I'm pretty darn confident that these AU3 templates will work fine with Art Conductor, though I can't test that because I don't own Art Conductor.


----------



## A.G (May 24, 2020)

Dewdman42 said:


> I'm pretty darn confident that these AU3 templates will work fine with Art Conductor, though I can't test that because I don't own Art Conductor.


Art Conductor is nothing special and you do not need to own it to be able to test.
Art Conductor is a collection of regular Logic Articulations Sets which can be made by any Logic user (including children).


----------



## Dewdman42 (May 24, 2020)

Then it should work!


----------



## A.G (May 24, 2020)

Dewdman42 said:


> Then it should work!


Yes, it should work. It is obvious that the problem is in the OP Orchestral template.

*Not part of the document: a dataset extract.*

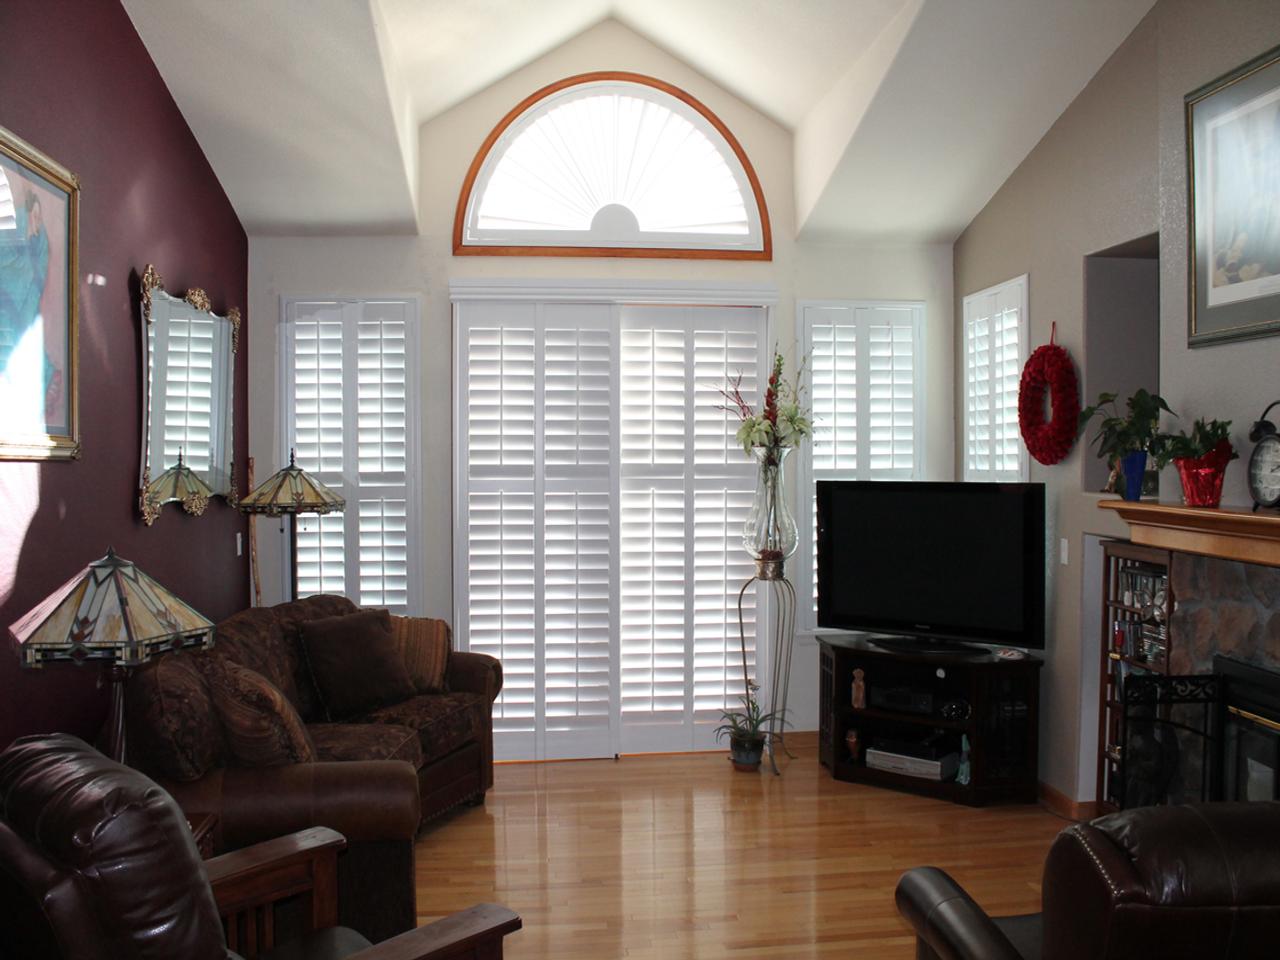 Sliding glass doors with arch over them. Doors and arched window covered with plantation shutters

Amoli, please provide a detail info about your template:
- Is it a former VSL template which uses Environment transformers CC99 to switch the VEP ports?
- Is it a VSL AU3 template?
- Other?

BTW. Screenshots are welcome.


----------



## Ashermusic (May 25, 2020)

I just bought Art Conductor 6.1.2 for Logic Pro and I can verify that with AU 2 or VST in VE Pro 7, it works as expected in Logic Pro X 10.5


----------



## Amoli (May 25, 2020)

I was using the old VSL templates for Logic and it wasn't working.I created a template using the new Beta templates for Logic provided by VSL (AU3) and it seems to work fine. Ashermusic make sure you try the articulations sets with Port 2.


----------



## Dewdman42 (May 25, 2020)

You should use my AU3 template the ones from Vsl have a bug that might creep up. You’ve been warned


----------



## Ashermusic (May 25, 2020)

Amoli said:


> I was using the old VSL templates for Logic and it wasn't working.I created a template using the new Beta templates for Logic provided by VSL (AU3) and it seems to work fine. Ashermusic make sure you try the articulations sets with Port 2.


I am not using AU3 until Apple tells me it fully implemented.


----------



## Amoli (May 25, 2020)

ouuuukey...Thanks!
Any idea how to fix those old VSL templates so my articulations work.I'm totally illiterate with respect to the Logic Environment.


----------



## Amoli (May 25, 2020)

I don't see much difference between the AU2 or AU3 templates if the fundamental problem of having only 32 audio channels per VEpro instance hasn't changed...Am I missing something?


----------



## A.G (May 25, 2020)

Amoli said:


> I don't see much difference between the AU2 or AU3 templates if the fundamental problem of having only 32 audio channels per VEpro instance hasn't changed...Am I missing something?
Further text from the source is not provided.